Mariel gets out of the car and hugs her mother. At one time she had been only a couple of inches taller than Naomi. Now she looks down into thinning white hair, sees the pink of scalp
“Well, this is a surprise,” Naomi says. “Why aren’t you over at Artie’s?”
“I’m on my way. I just wanted to check on you.”
“Well, I’m fine. Come on in and I’ll get us some coffee.”
Three concrete steps lead up to the back door. She needs a rail to hold on to, Mariel thinks, following her mother. What if she should fall down the steps out here by herself?
“Are you wearing your pager?” she asks.
“Right here.” Naomi pulls what looks like a small transistor radio on a cord from beneath her tee shirt. For the first time Mariel notices the shirt. Embl
azoned on it is HAIL MAUI FULL OF GRASS and what looks like a cross between a palm and a marijuana plant.

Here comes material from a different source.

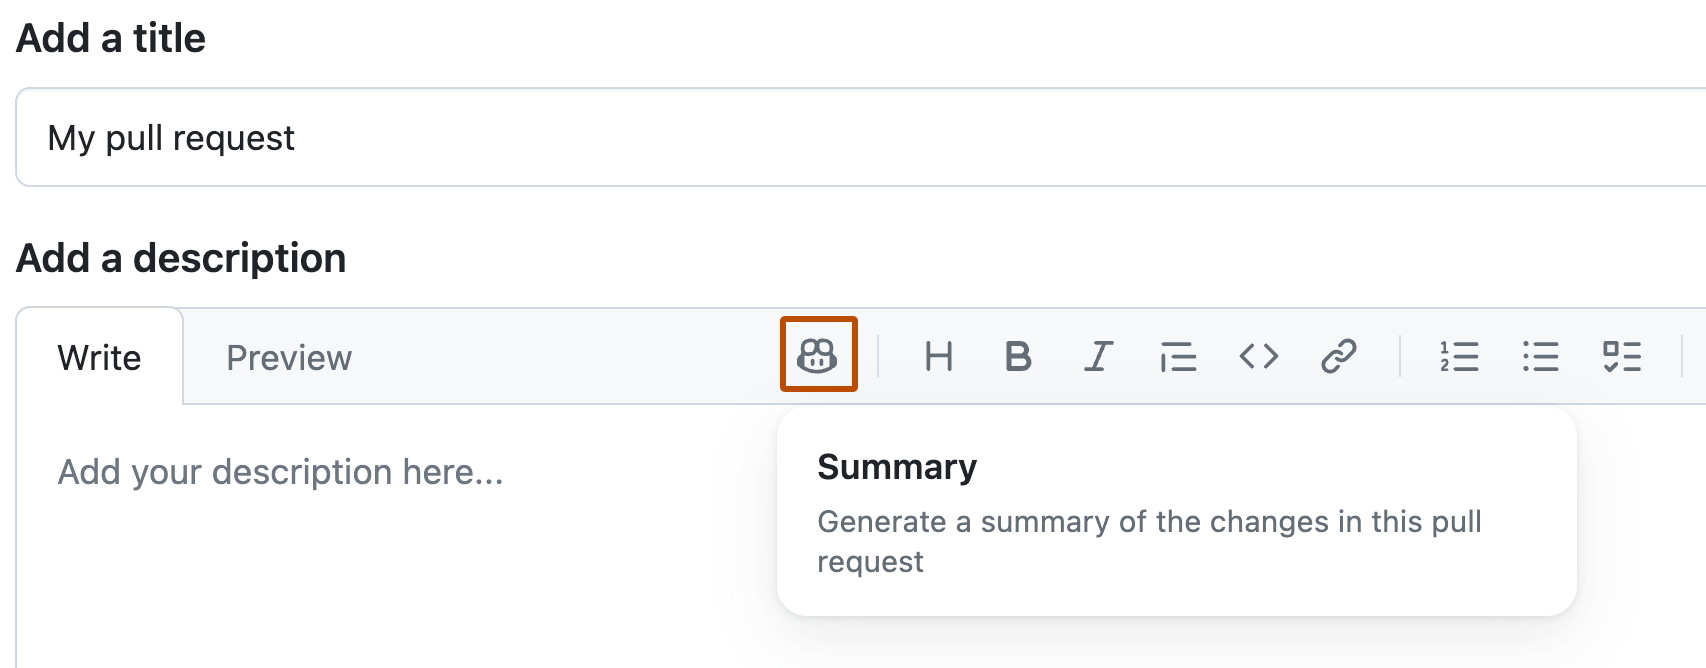 Captura de pantalla del formulario para crear una solicitud de incorporación de cambios. Se resalta un icono de Copilot y aparece un cuadro con el comando "Resumen".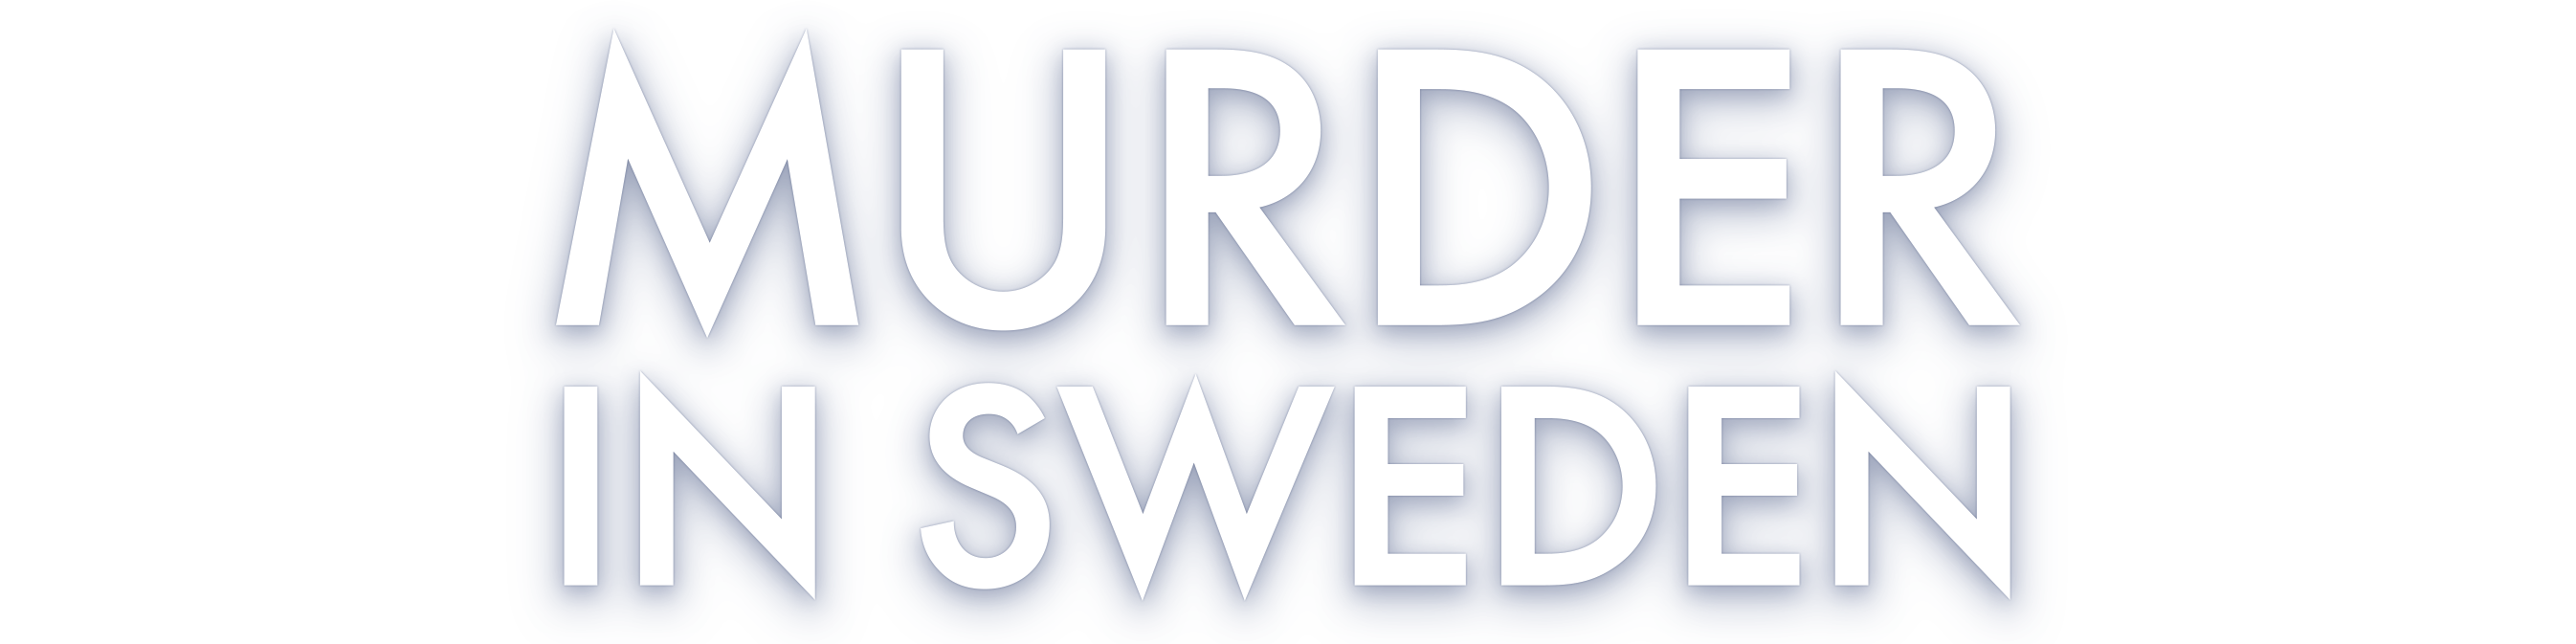 Murder in Sweden

“Where did you get that shirt, Mama?”
“Teddy. He brought it back from Hawaii. It’s wild, isn’t it?”
“Don’t let Father Carroll see it.”
“He already has. Laughed till he cried. You know how he always cries when he laughs. Like Dolly. When she gets really tickled at something she just blubbers.” Naomi pours water into two cups and puts them in a small microwave on the counter.
“Have you checked your batteries lately?”
“What batteries?”
“In the pager.”
“They’re fine, Mariel. Slip, slide, or twinge and every rescue squad in Mobile and Baldwin County will be beating on my door. Quit worrying about me.”
“But I do. You’re so isolated out here.”
“Thank God.” The microwave dings and Naomi takes the cups out and spoons instant coffee into them. “Here’s the sugar.”
Mariel should refuse. Instead she takes two teaspoonfuls as well as a generous amount of milk. “Cookie?” her mother asks. Mariel shakes her head no. At least she has some willpower.
“Let’s go out on the porch.” Naomi takes a handful of cookies and leads the way. “Your brother Jacob called yesterday. I told him about Artie. He said he used to be in love with her when they were in high school. I never knew that, did you?”
“I couldn’t keep up with everybody.” Mariel can’t keep up with Dolly. She can’t imagine what it was like for her mother with six children to feed and dress and try to teach some social graces to. Especially with so little help from their father.
Her mother laughs. “Neither could I. I remember that terrible crush Elizabeth had on Pete Spencer and that’s about all.”
“I remember that one, too. She nearly drove us crazy. I wonder whatever happened to him.”
“I’ll bet your sister knows.” Naomi bites into a cookie. “Here,” she says, pushing some magazines from the couch with her elbow. “Sit here.”